As the former Awgrip trainer for the Maine State Marine Trades Center I am very tuned in to finish surfaces. My next finish demonstration idea is to put some sort of textured surface above the WL that has an artistic bent. Some kind of fresco with a marine theme that is non descript enough that it might be enhanced by minor damage. It is such a source of anxiety for boat owners to worry about surface imperfections in their finishes. There is no question that an Endeavor Blue Awlgrip finish is spectacular. To have a finish that requires you to worry about the abrasive qualities of the fenders you use to prevent abrasion is a bit much. I used to watch owners peer into the finish of their yacht and admire their reflections. I also used to teach Marine painting and Varnishing for WoodenBoat Magazine, and loved those owners who are so particular about their painted and varnished surfaces.
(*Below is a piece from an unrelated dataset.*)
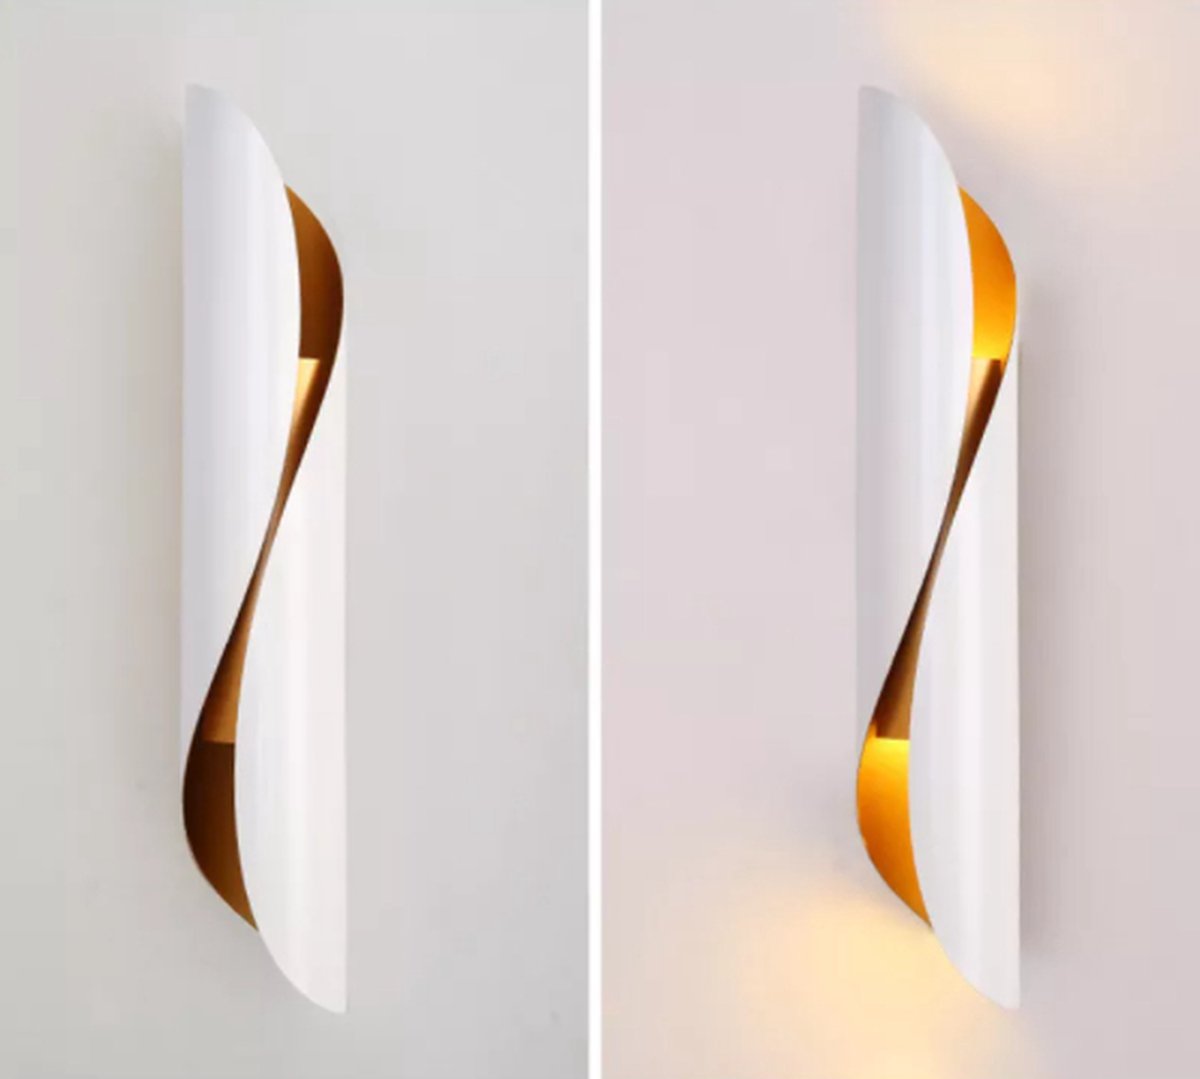 SensaHome LED Wandlamp set van 2 - Wit - Binnen Wandlamp Wit - Decoratie voor Binnenhuis - 12x48cm - Flower

I concluded that many boat owners are maintenance junkeys who have decided that boats will be their outlet. I am a fairly good painter. I actually like to varnish. I have a Marshall Sandpiper and its coaming and rails are Bristol. That is enough. My other sail boat has teak trim that is beautifully weathered to a silver that matches my hair. The hull is weathering white gel coat (the only color for boats) and the occasional impact that leaves a mark is no more than a marker from another adventure. I do use fenders to protect the boat and soften impact but worrying about covering them to avoid a sign of wear is not on my list of priorities.

Perhaps I am an Ausi, too?

Tundra Down


----------